Based on these insights, the algorithm can recommend products or surface relevant content that’s highly likely to capture the user’s interest.
Some examples are:
- Content recommendations - Personalized articles, videos, or other content that aligns with a user's interests
- Product recommendations - Product suggestions based on past purchases, browsing history, or similar user interests
- Email recommendations - Tailored emails with content, products, or offers that match recipients interests
Advantages of AI personalization
- Scalability - As with most other AI solutions, scalability becomes much more attainable. Instead of you doing all the legwork, you can let the robot overlords AI platform do it's thing.
- Enhanced user experience - Adaptability and real-time personalization are also much more attainable with an AI engine steering the ship.
- Content reuse - How often have you done content audits only to realize that the article you just wrote was already written 2 years ago (and written way better)? AI is an effective way to surface the most relevant content in your content library, even the articles you may have forgotten about.
Disadvantages of AI personalization
- Limited scope - AI still has a ways to go when it comes to personalization outside the scope of recommended content and products.
- Data concerns - Are you one of the users that likes having your data harvested in ways you can't even understand? Probably not. And if you said yes, you're probably lying. Privacy and data tracking transparency can become murky if not done properly.

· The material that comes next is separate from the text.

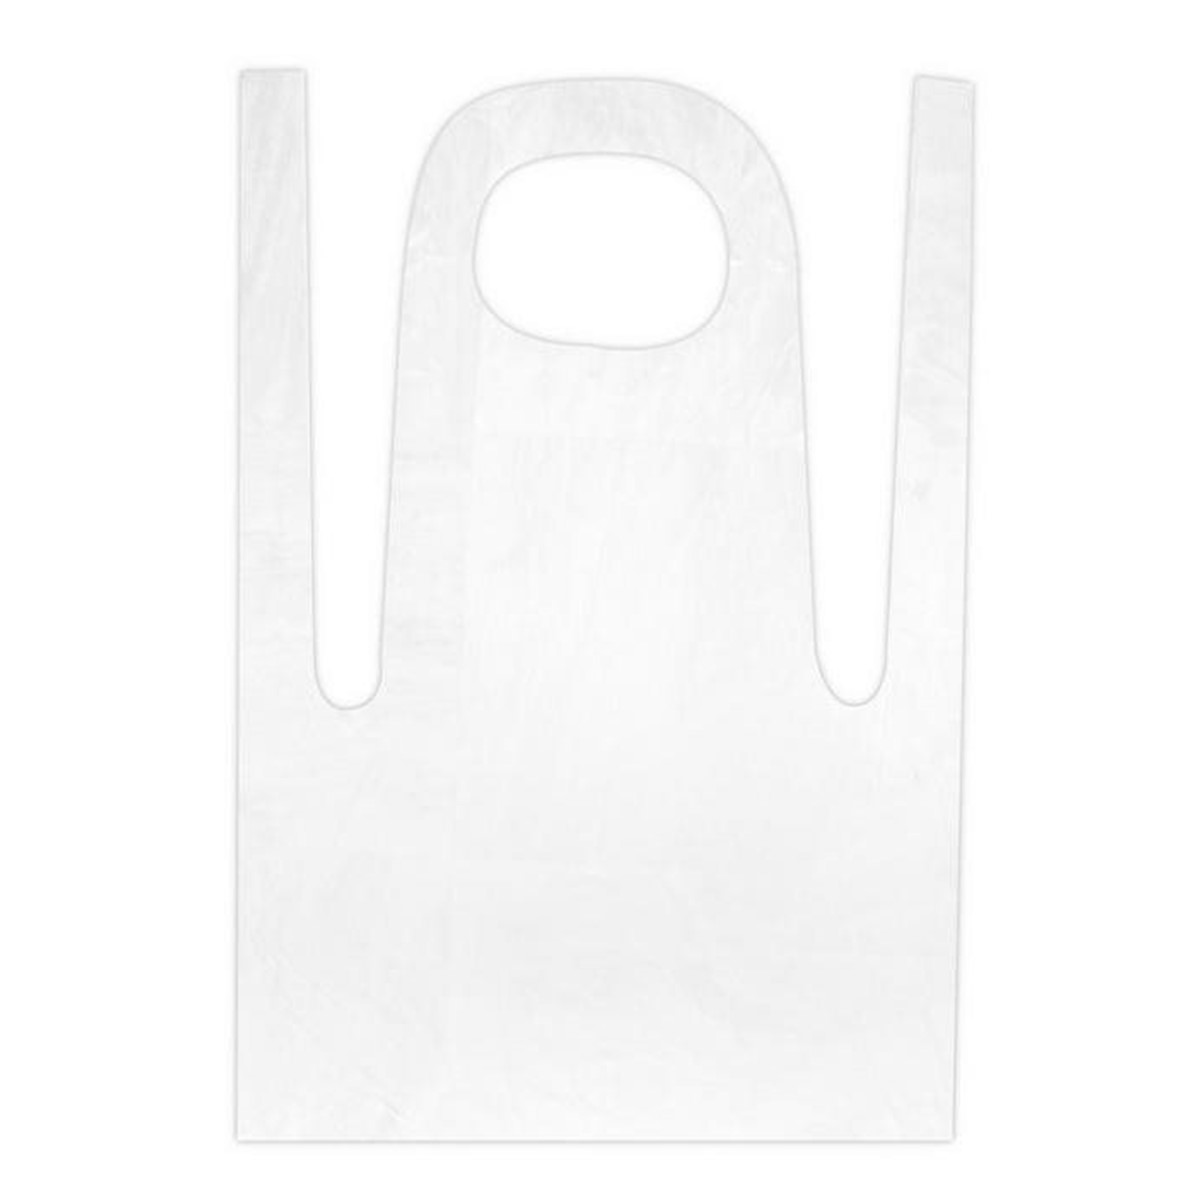 Reliance Protect Disposable Polythene Aprons - 100 aprons

- Content availability - Content recommendations are useless if you don't have content to recommend (duh). Many marketing teams are struggling when it comes to scaling content, but now those pains are traversing into the realm of personalization.
Wrapping up
When you break it down, implementing personalization really comes down to whether you want to institute the customer experience mapping yourself (rule-based), have AI do it for you (AI personalization), or employ some kind of hybrid.
Most businesses would probably prefer a hybrid, where you can define rules based on specific customer actions (atoms), customer segments (molecules), and customer profiles (organisms), while allowing AI to deliver a personalized experience in real-time, reacting to customer behavior.
However you choose to personalize, just remember to take it personally.